AIM OF THE TASK
Keep the images out while you retype all of the data exactly.

--- MATERIAL PROVIDED ---

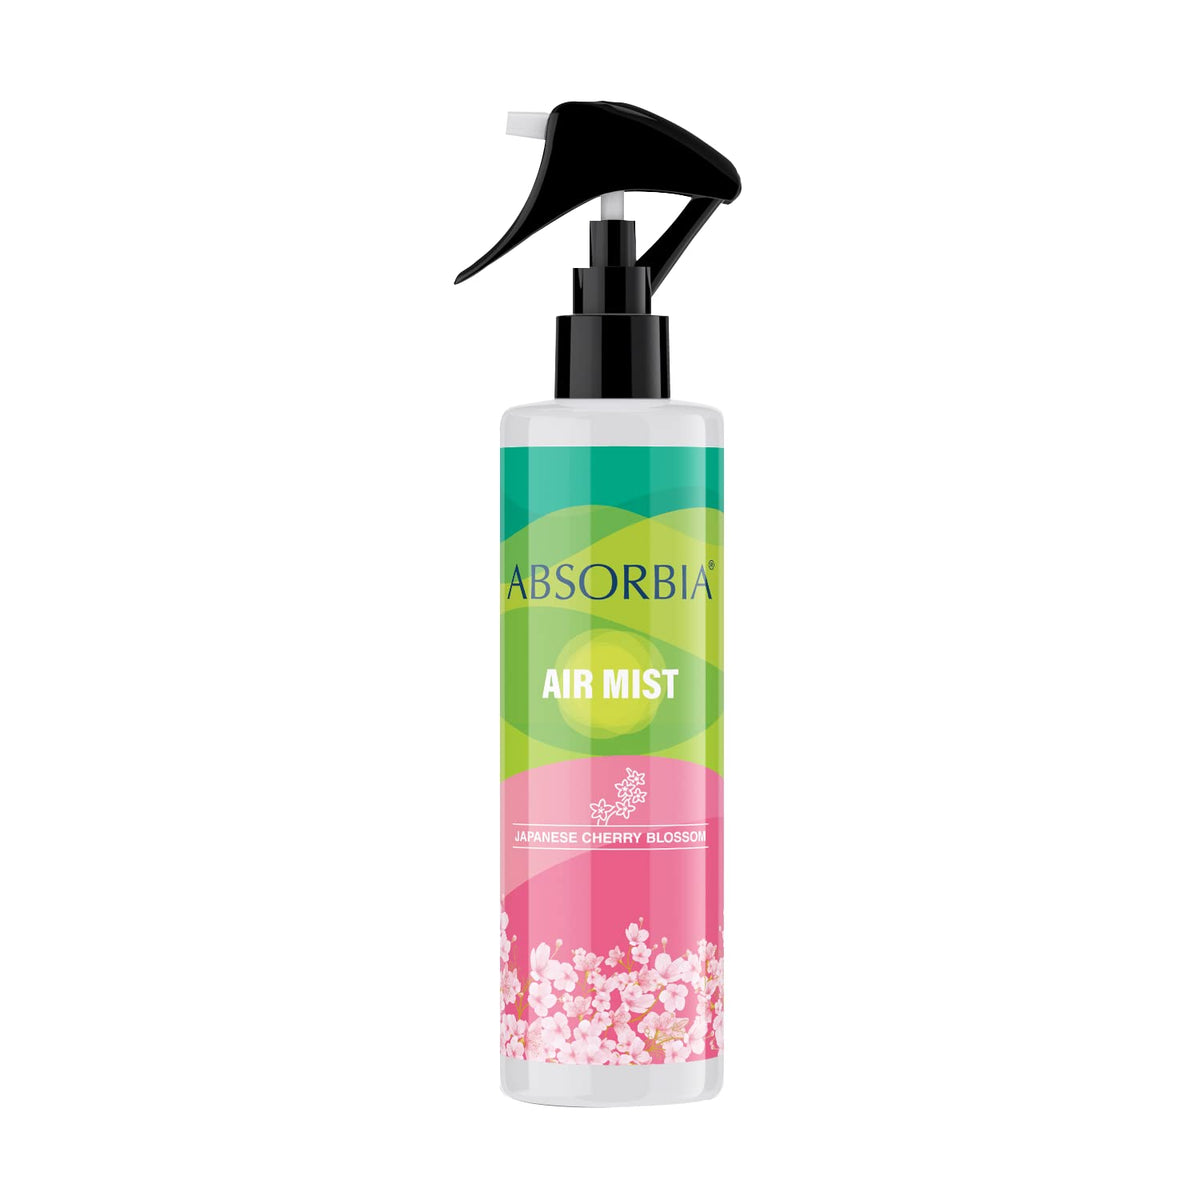 ABSORBIA Room Freshner spray, Instantly Freshens the air with Japanese Cherry Blossom Fragrance, Essential Oil Aroma Works like therapy - 200ML, 1000+ sprays(Approx)…
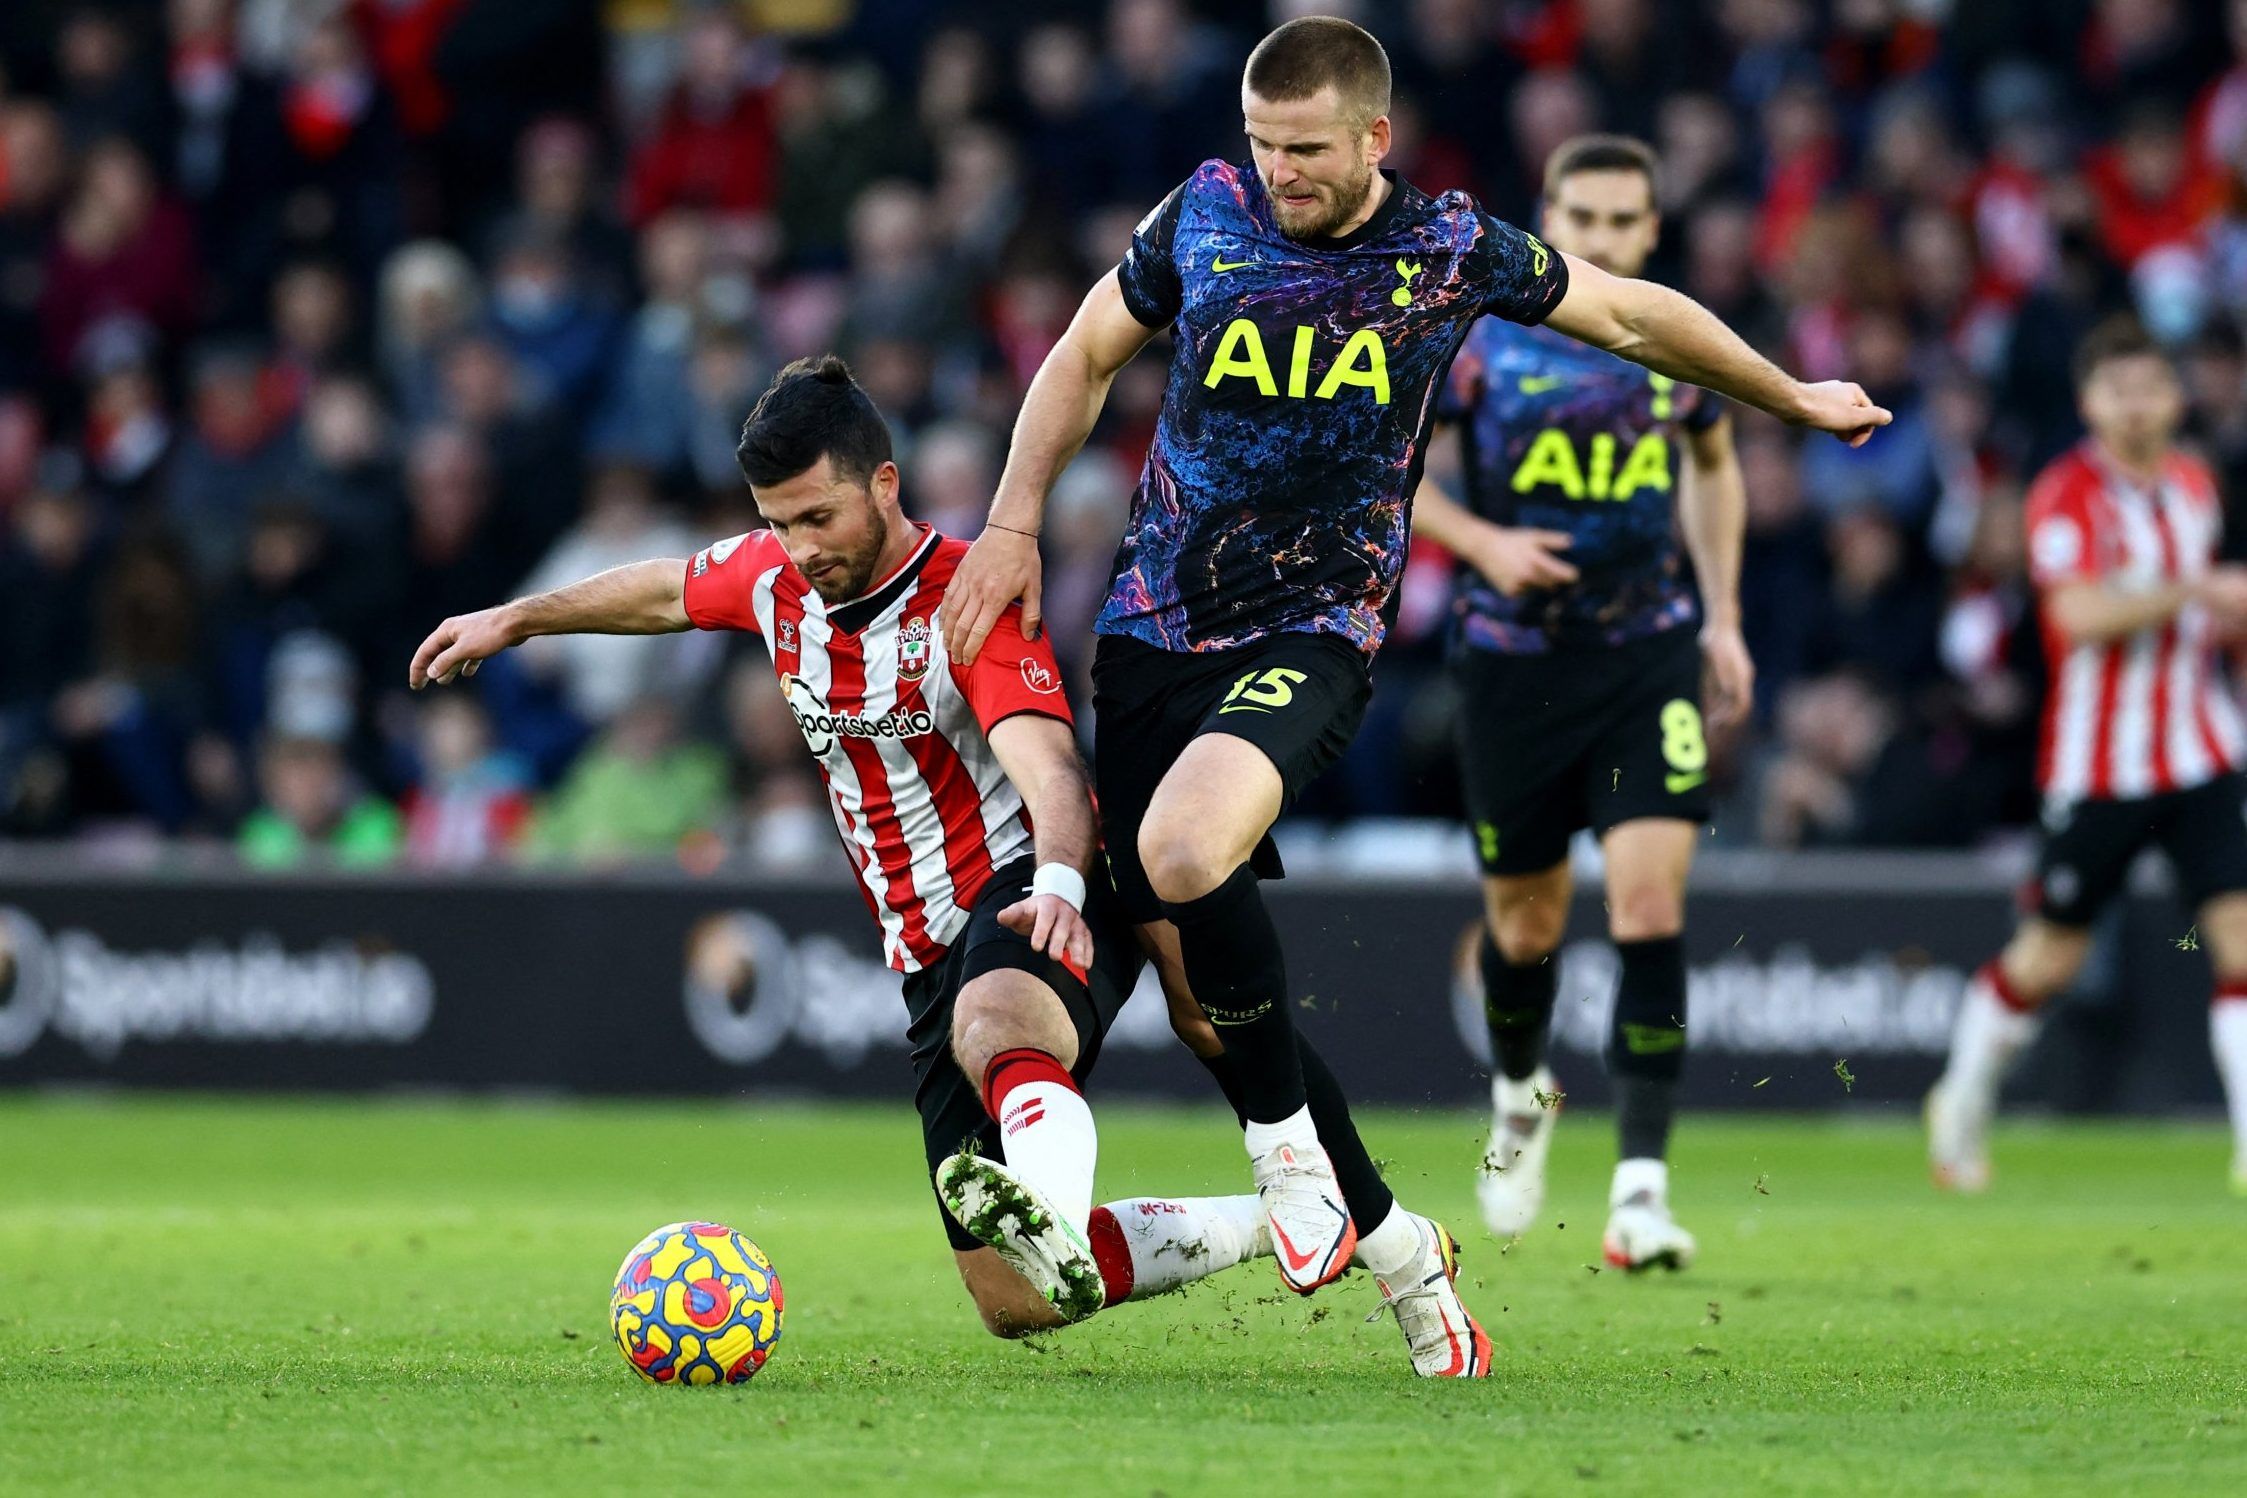 Spurs defender Eric Dier in action against Southampton in the Premier League
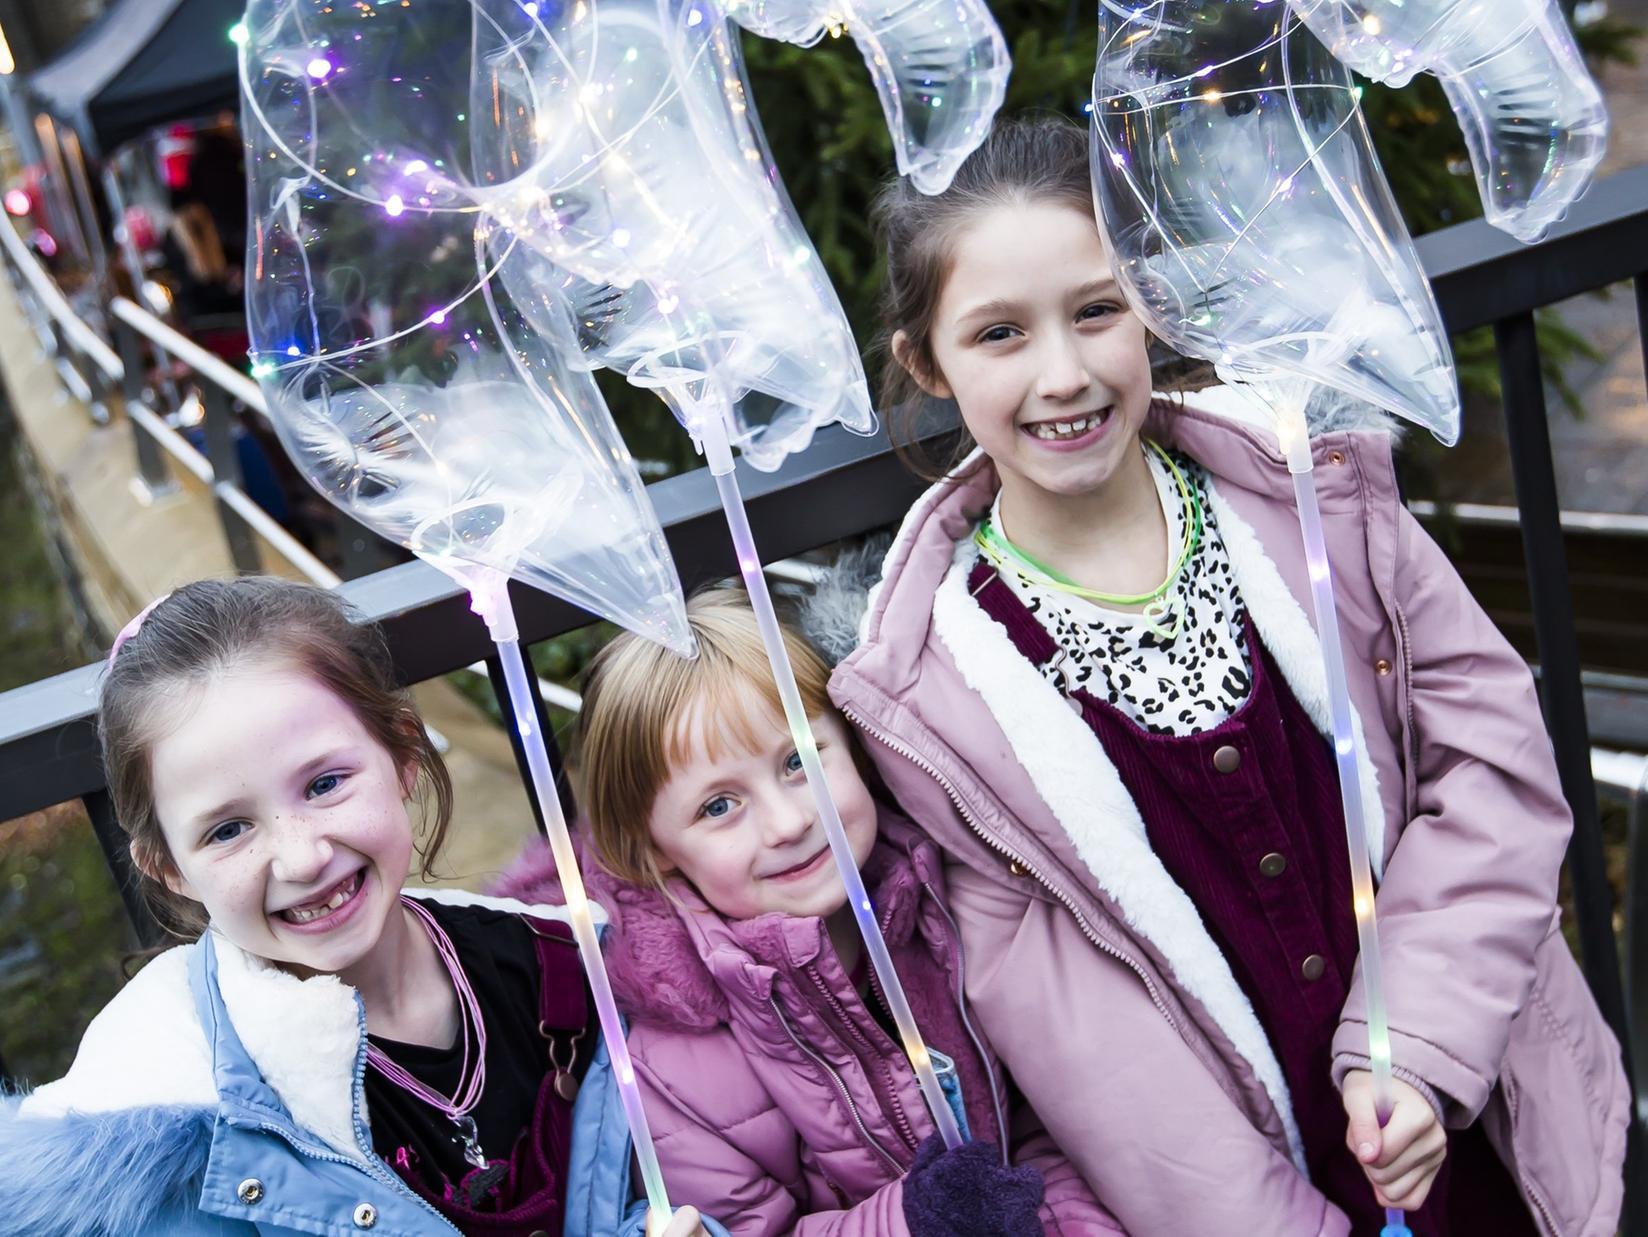 Isabelle Knight, seven, Phoebe Stafford, seven, and Olivia Knight, eight, having fun at the village event.
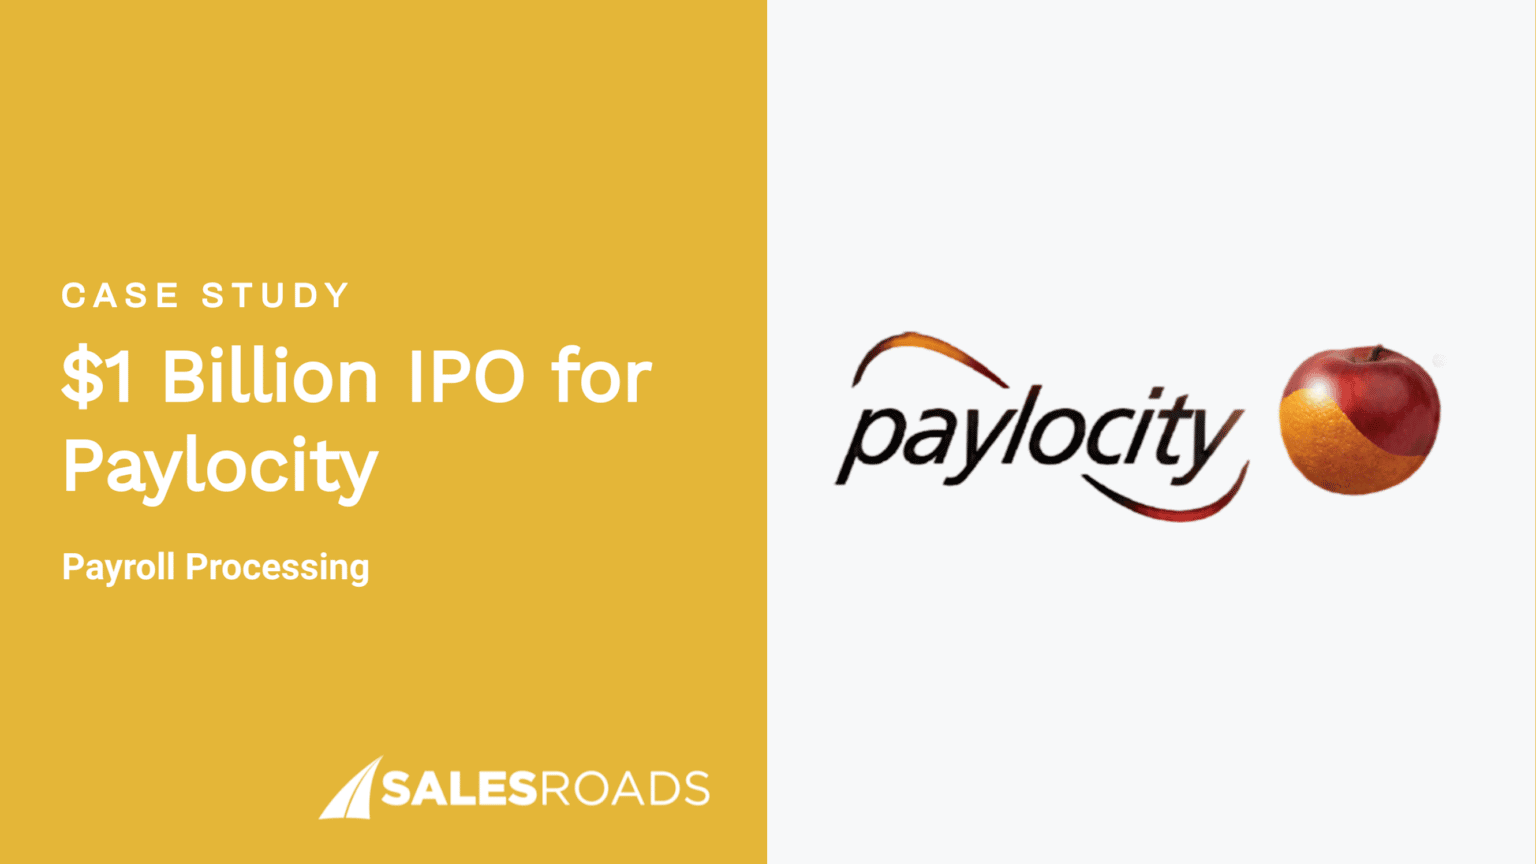 Case Study: $1 Billion IPO for Paylocity.

---

EXERCISE OUTPUT
 ABSORBIA Room Freshner spray, Instantly Freshens the air with Japanese Cherry Blossom Fragrance, Essential Oil Aroma Works like therapy - 200ML, 1000+ sprays(Approx)…
 Spurs defender Eric Dier in action against Southampton in the Premier League
 Isabelle Knight, seven, Phoebe Stafford, seven, and Olivia Knight, eight, having fun at the village event.
 Case Study: $1 Billion IPO for Paylocity.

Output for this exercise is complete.